▸ **AVAILABLE RECORDS**:

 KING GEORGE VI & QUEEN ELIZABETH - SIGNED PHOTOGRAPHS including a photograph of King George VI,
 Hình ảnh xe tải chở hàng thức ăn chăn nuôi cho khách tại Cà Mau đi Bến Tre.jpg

* * *

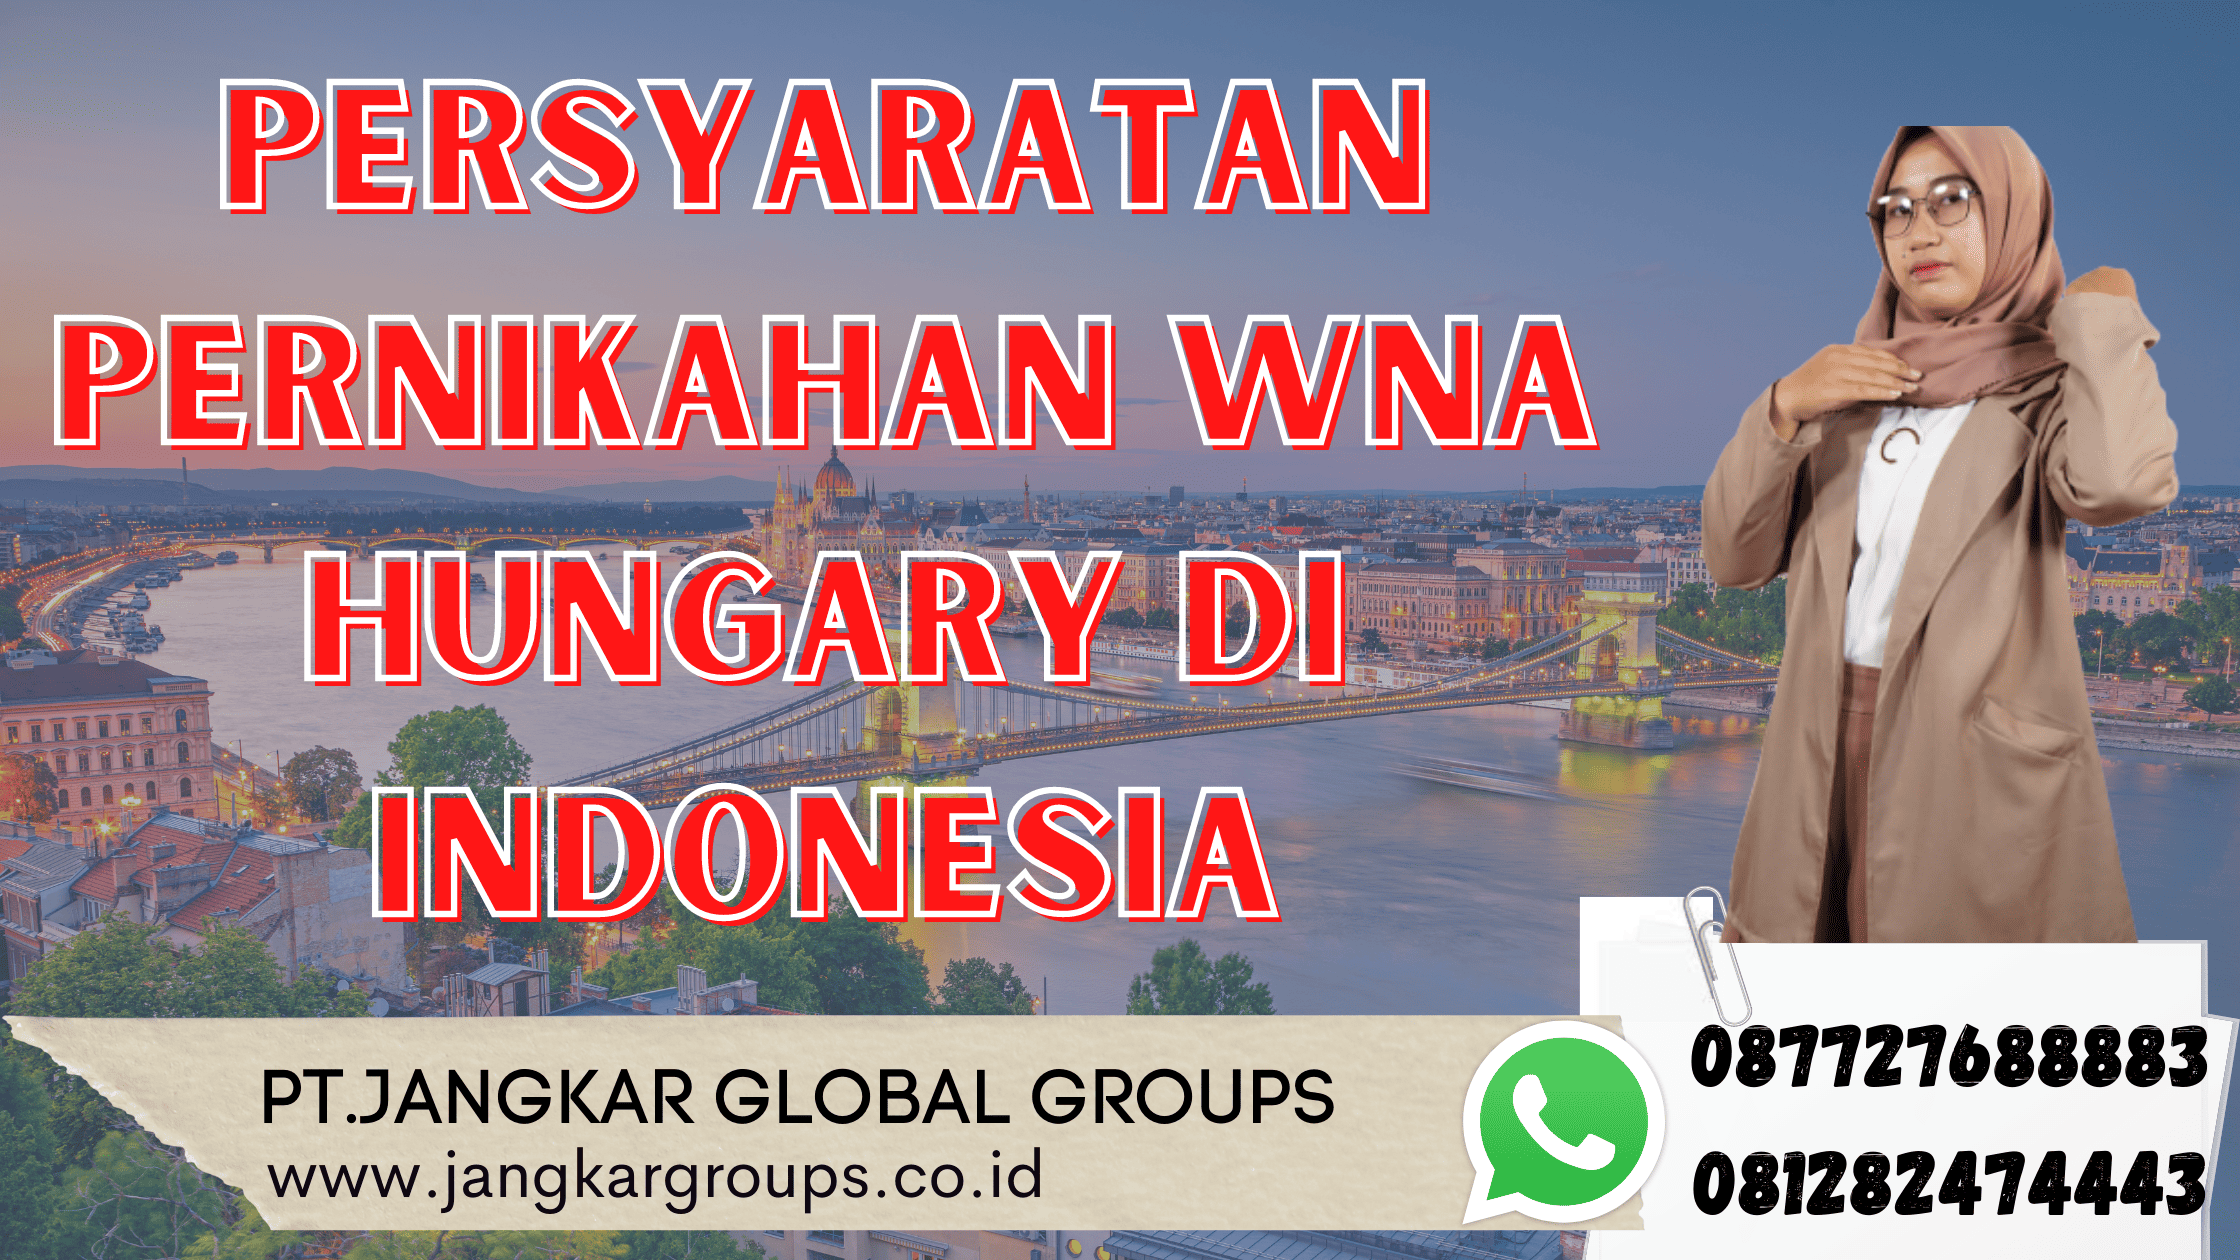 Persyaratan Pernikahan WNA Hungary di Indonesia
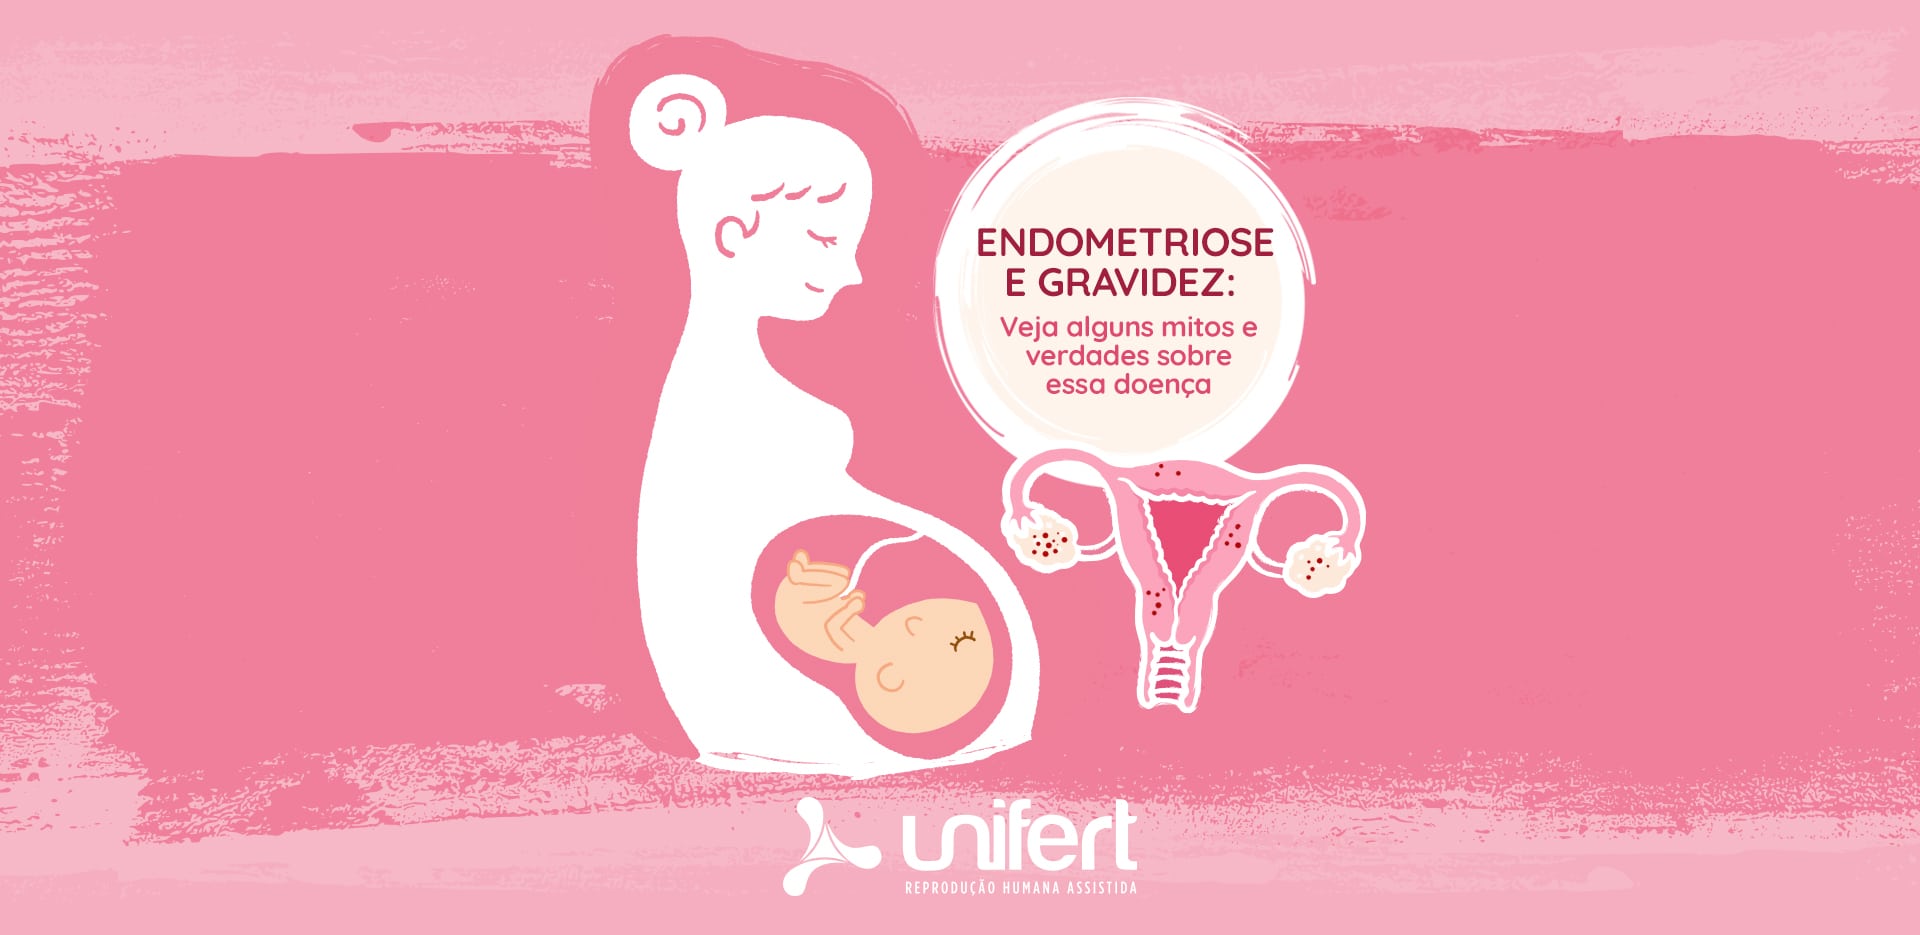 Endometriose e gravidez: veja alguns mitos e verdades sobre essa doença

▸ **AIM OF THE EXERCISE**: Among the entries above, locate the lines containing "KING GEORGE VI &" and "Hình ảnh xe", and transcribe exactly those two lines and all lines between.

▸ **YOUR RESPONSE**:
 KING GEORGE VI & QUEEN ELIZABETH - SIGNED PHOTOGRAPHS including a photograph of King George VI,
 Hình ảnh xe tải chở hàng thức ăn chăn nuôi cho khách tại Cà Mau đi Bến Tre.jpg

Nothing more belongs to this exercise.